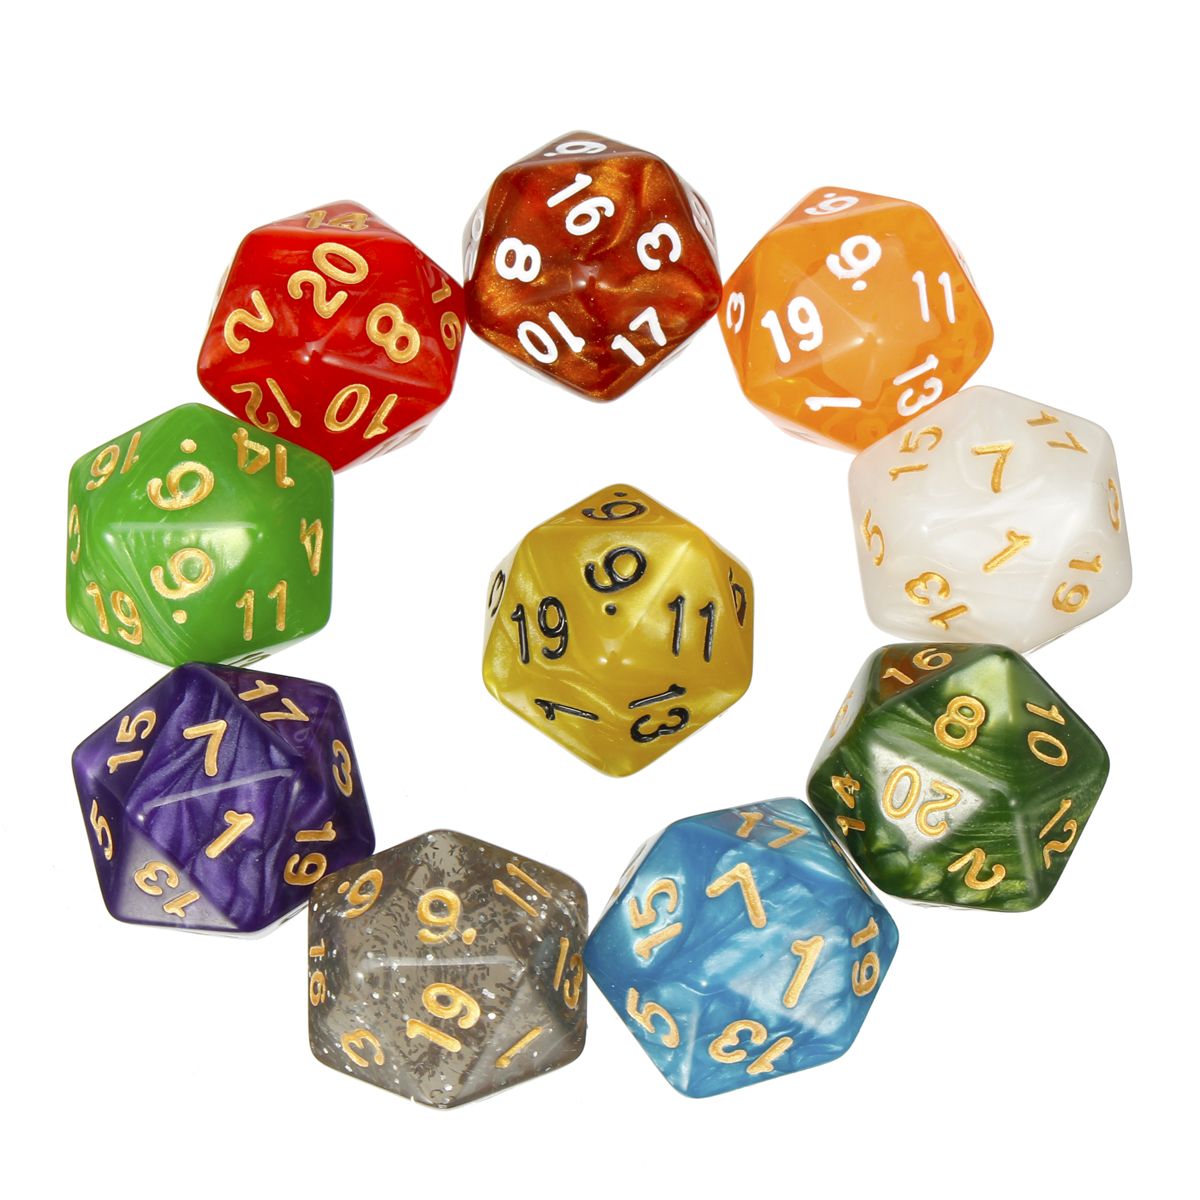 70Pcs-Acrylic-Polyhedral-Dices-Set-Role-Playing-Game-Dice-Gadget-for-Dungeons-Dragons-D20-D12-D10-D8-1600701
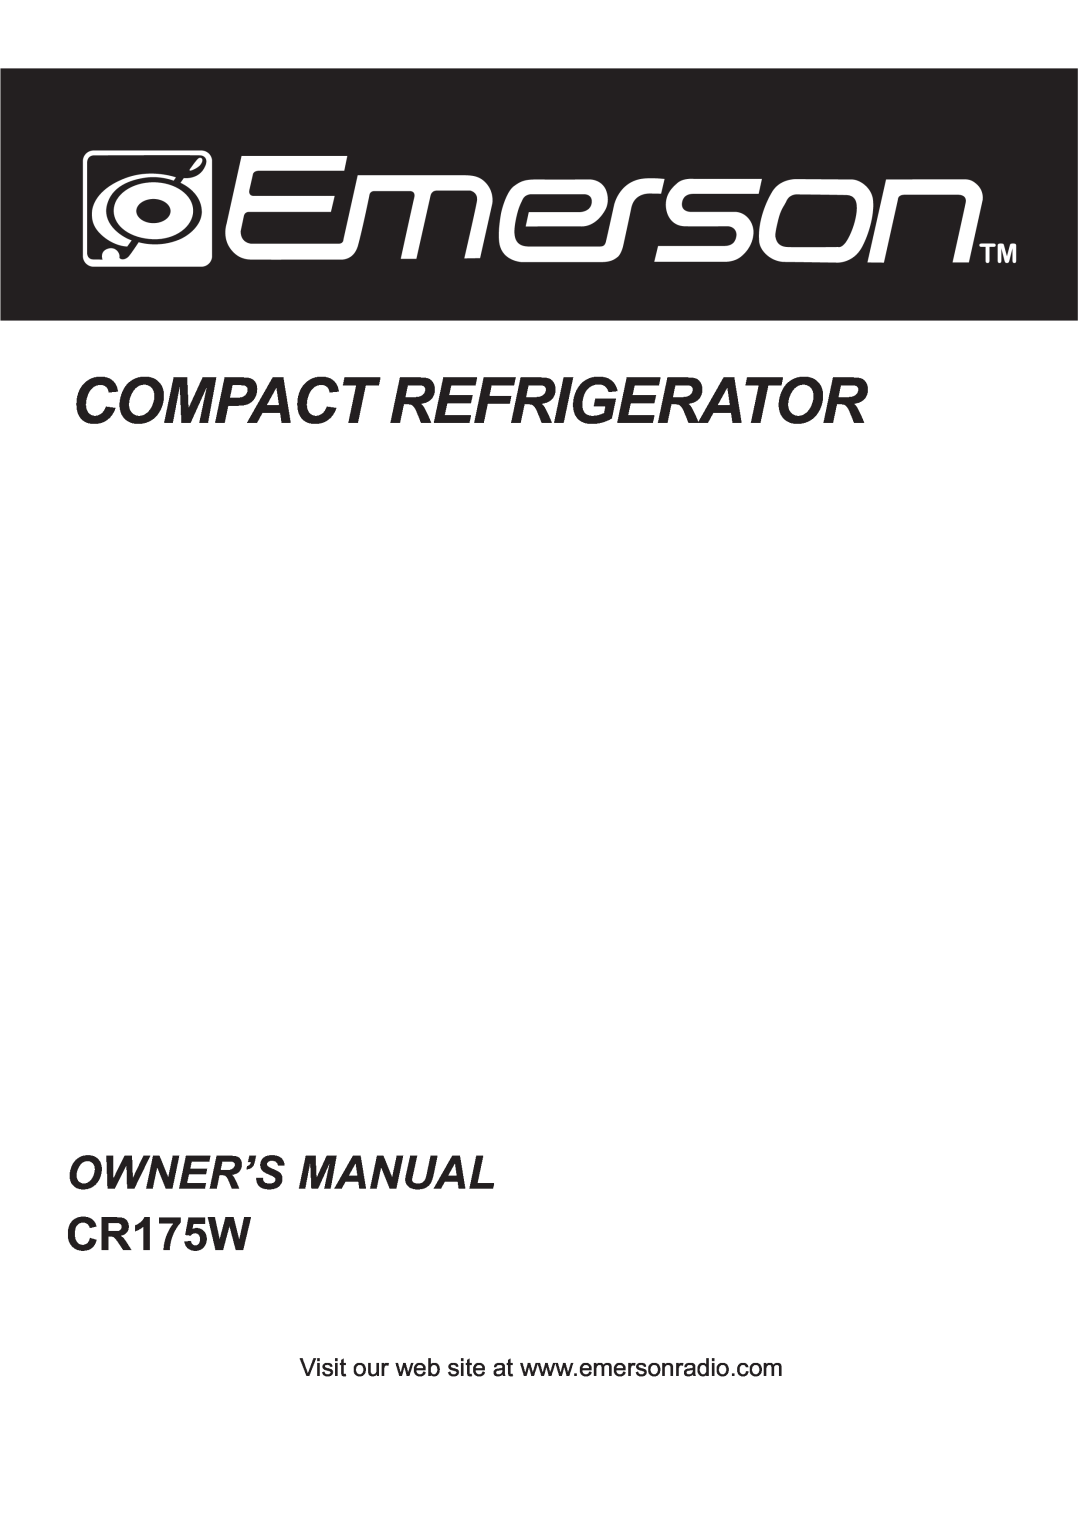 Emerson CR175W owner manual Compact Refrigerator 
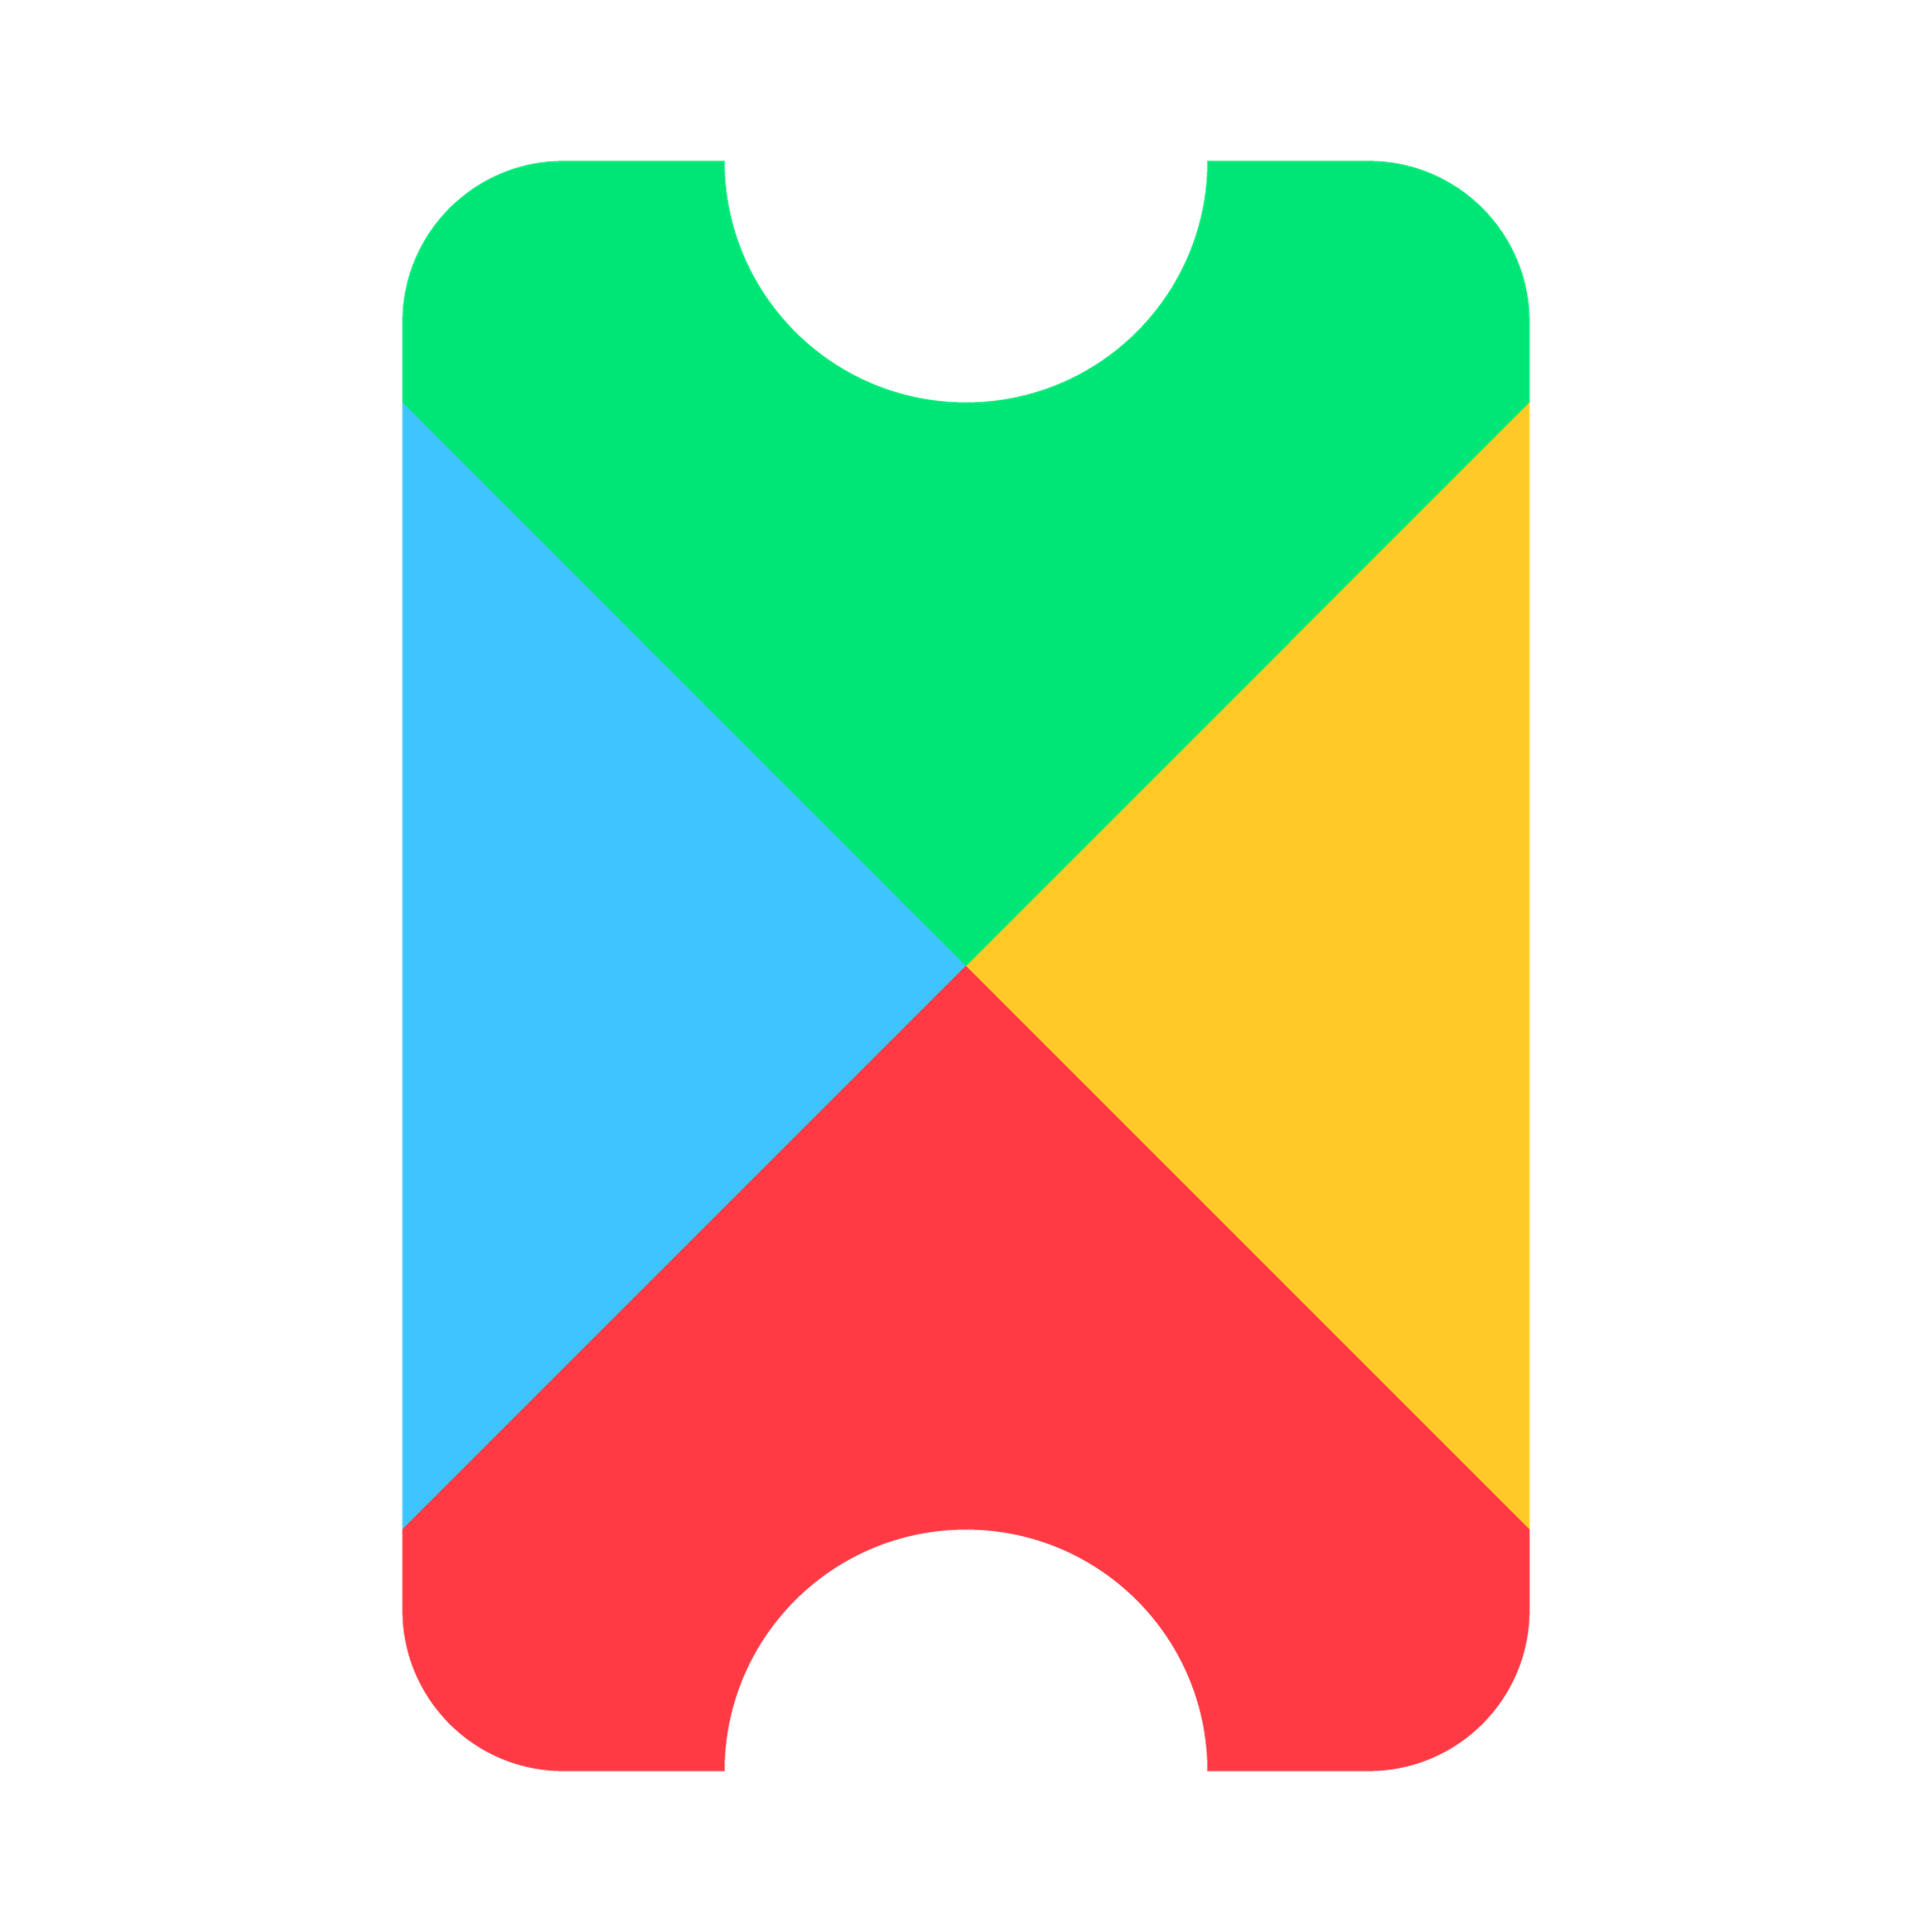 The Google Play Pass “ticket” logo, indicating an app is free with the subscription service.
┄┄┄┄┄┄┄┄┄┄┄┄┄┄┄┄┄┄┄┄
YOUR GOAL: Return the complete material exactly as given, excluding images.

FINAL ANSWER:
 70Pcs-Acrylic-Polyhedral-Dices-Set-Role-Playing-Game-Dice-Gadget-for-Dungeons-Dragons-D20-D12-D10-D8-1600701
 Emerson CR175W owner manual Compact Refrigerator 
 The Google Play Pass “ticket” logo, indicating an app is free with the subscription service.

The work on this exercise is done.